Avustralya basınında yer alan haberlerde, Yeni Zelanda vatandaşı kadın ve çocuklarının, Türkiye’de bir geri gönderme merkezinde tutulduğu ve Türkiye’nin Yeni Zelanda’ya başvurarak bu kişileri geri almalarını istediği belirtildi.
Savunma Bakanlığı, Şubat ayında yaptığı bir açıklamada, yasa dışı yollarla Suriye’den Türkiye’ye girmeye çalışan biri kadın, iki çocuk üç kişinin Reyhanlı’da yakalandığını söylemişti.

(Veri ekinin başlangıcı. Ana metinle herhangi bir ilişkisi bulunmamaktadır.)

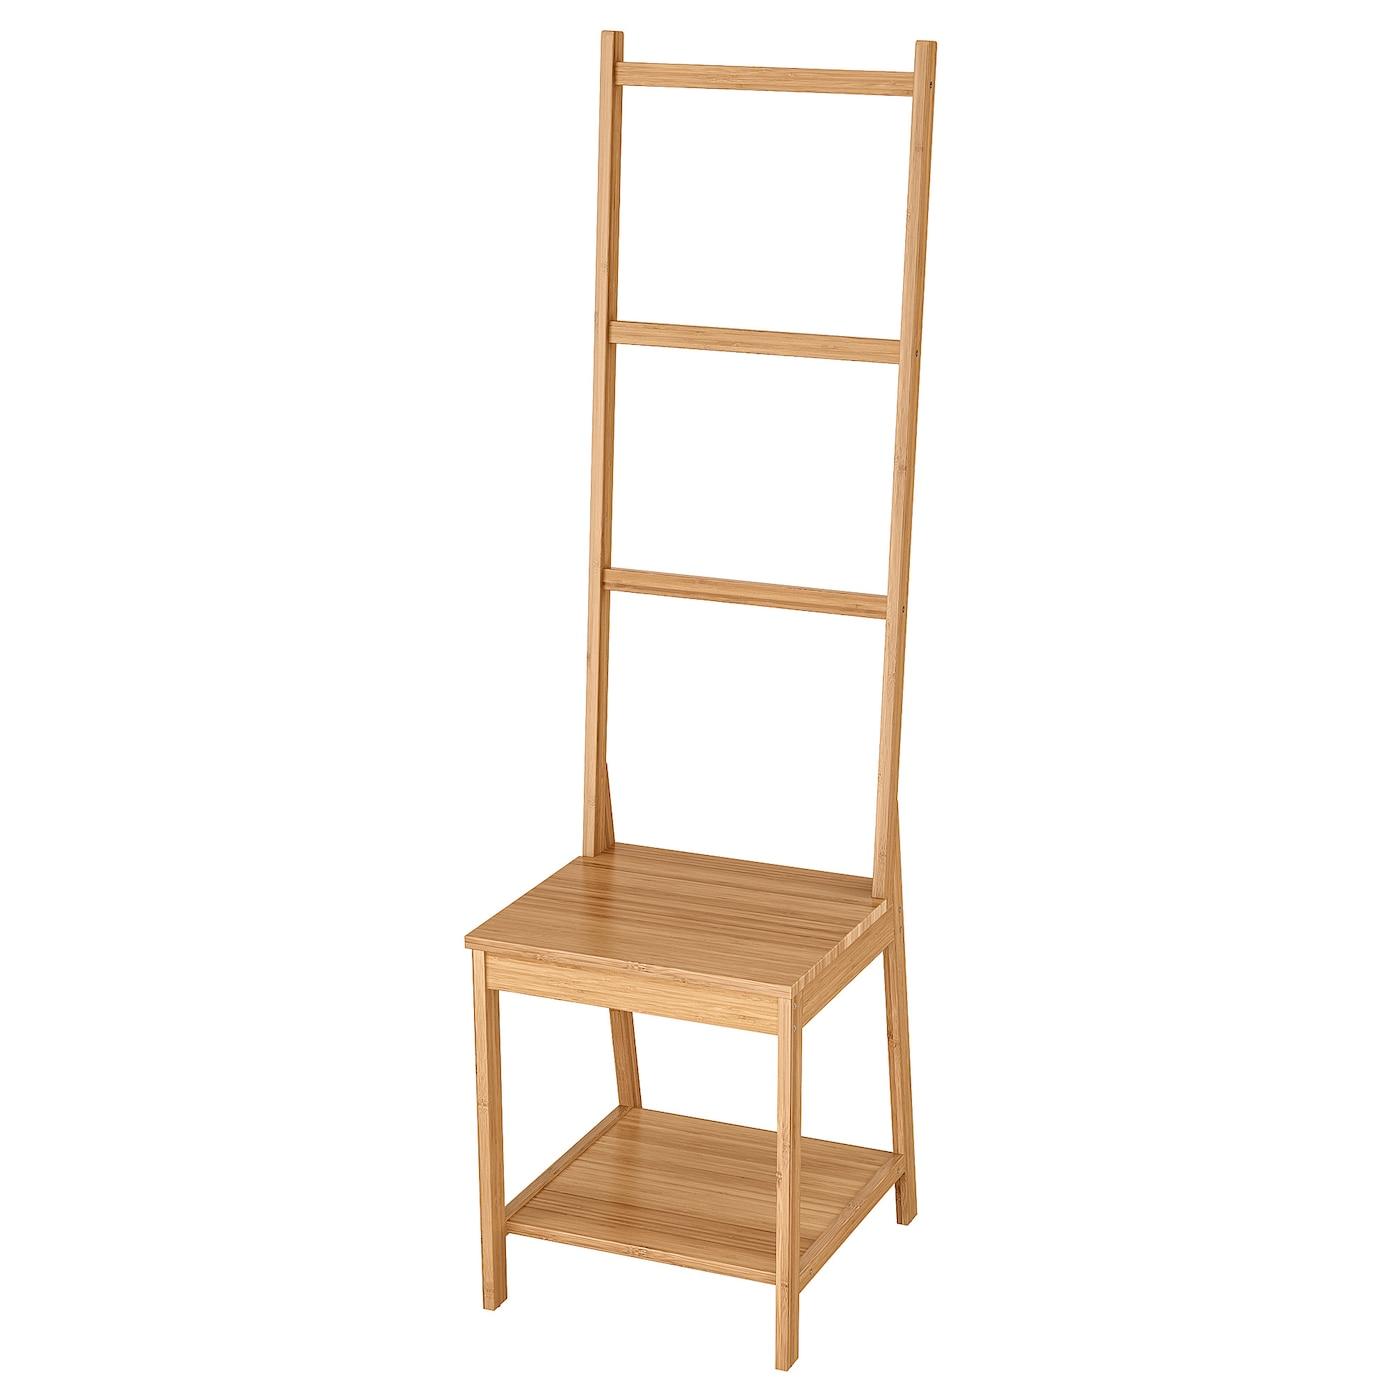 RÅGRUND Stuhl mit Handtuchhalter - Bambus Klein
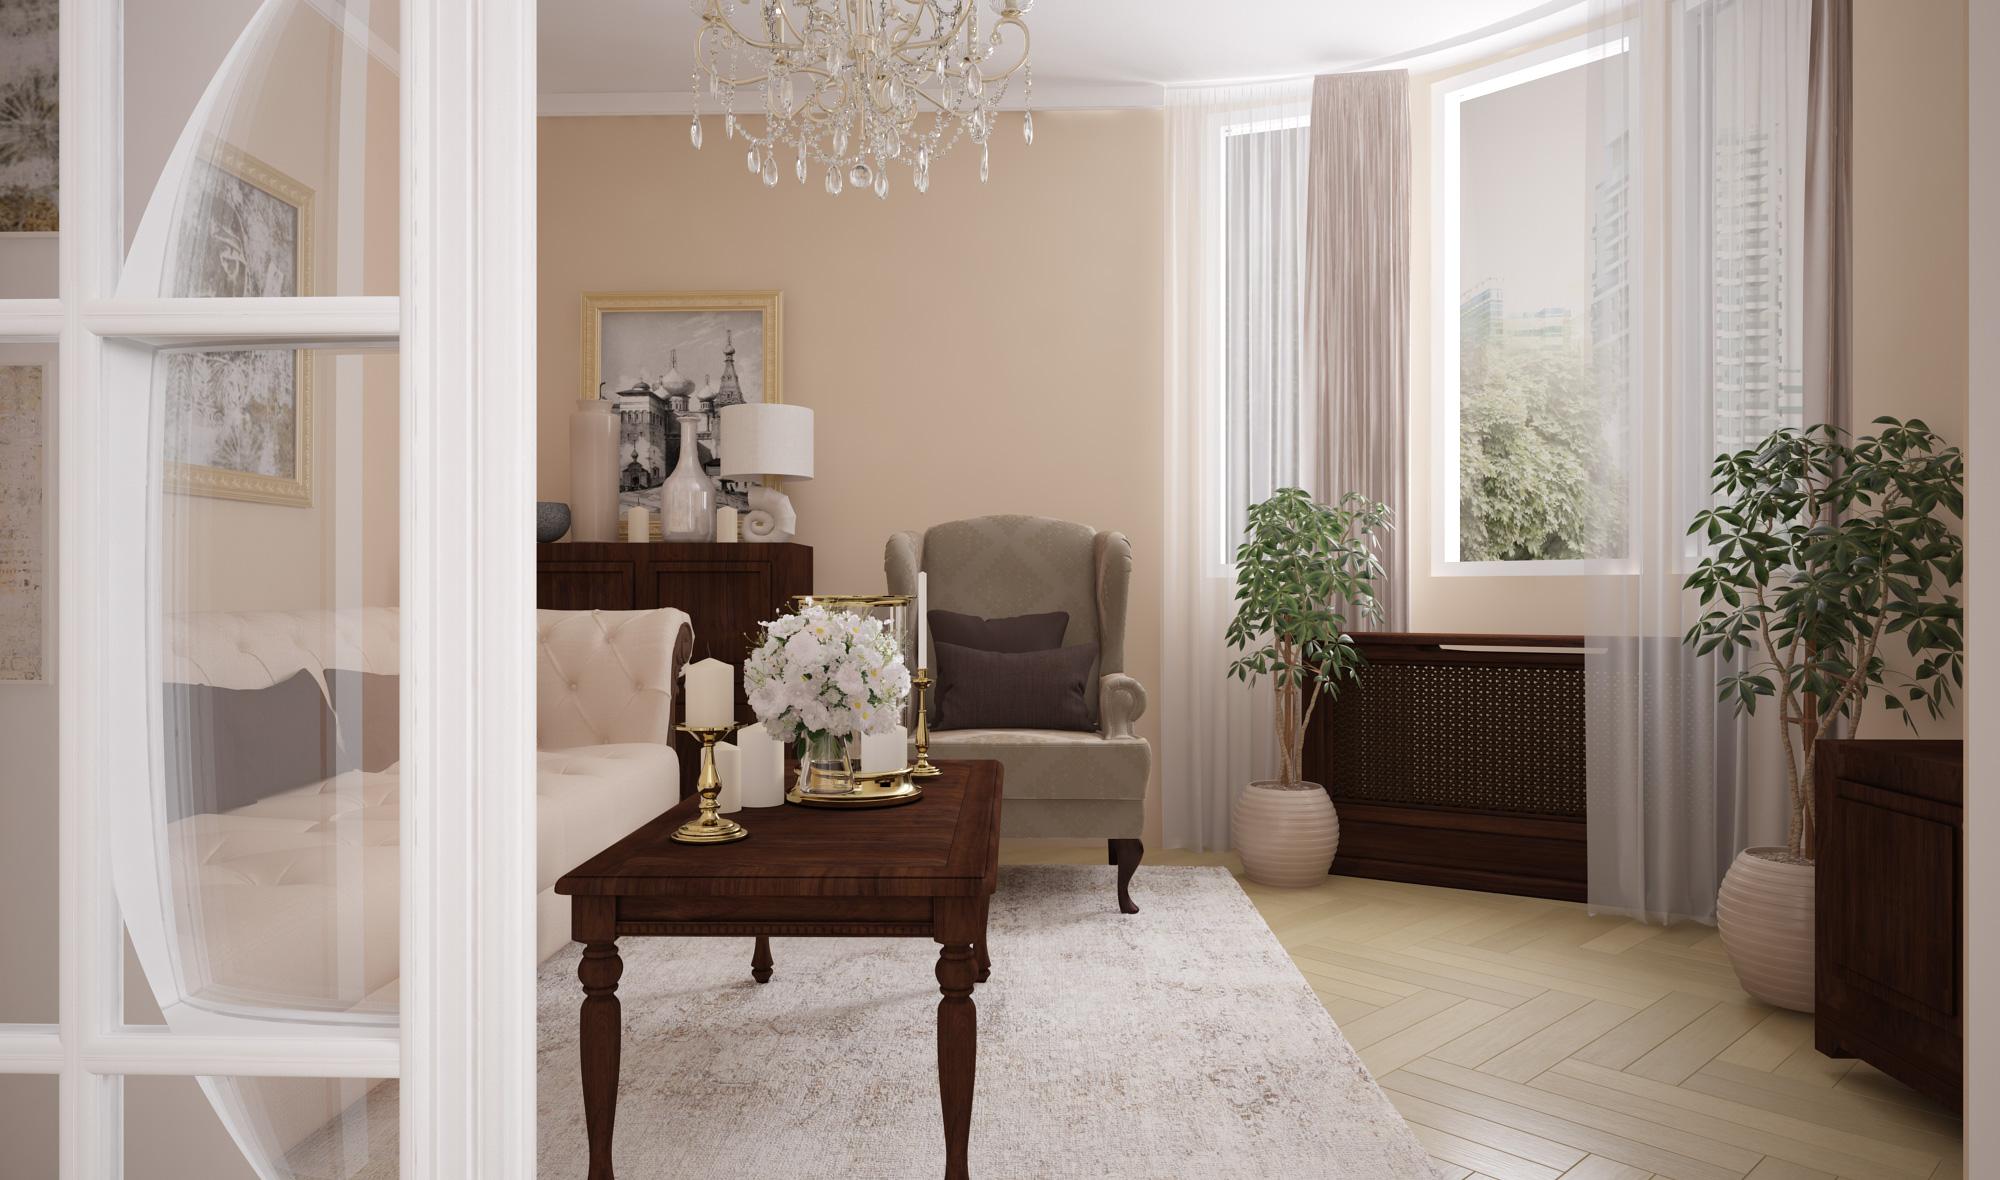 amenajare-interioara-apartament-cm-stil-clasic-6

Aynı açıklamada, yakalananlar arasında olan 26 yaşındaki kadının “mavi bültenle aranan IŞİD’li bir terörist olduğunun belirlendiği” ifade edilmişti.
Ardern, düzenlenen kabine toplantısının ardından yaptığı açıklamada, “Yeni Zelanda bu kararı çok da kolay almadı. Uluslararası sorumluluklarımızı ve çocukların da dahil olduğunu düşünerek bu vakaya özgü detayları değerlendirdik” dedi.
Yeni Zelanda basınına göre, kimliği açıklanmayan kadın hem Yeni Zelanda hem de Avustralya vatandaşlığına sahipti. Ancak daha sonra Avustralya söz konusu kadının vatandaşlığını iptal etti.
Ailesinin kadın henüz altı yaşındayken Avustralya’ya yerleştiği belirtildi. Kadının 2014 yılında Avustralya pasaportunu kullanarak Suriye’ye geçtiği tespit edildi.
Ardern, daha önce konuyla ilgili yaptığı açıklamada, Avustralya’nın vatandaşlık iptali kararının doğru olmadığını söylemişti.
Ardern bugün kabine toplantısının ardından yaptığı açıklamada da, “Daha önce de ifade ettiğimiz gibi, bir terör örgütüyle bağlantılı olduğundan şüphelenilen herhangi bir Yeni Zelandalı’nın Yeni Zelanda yasalarına göre yargılanmasının beklenmesi gerekir. Ancak bu konu artık emniyet güçlerinin yetki alanında” diye konuştu.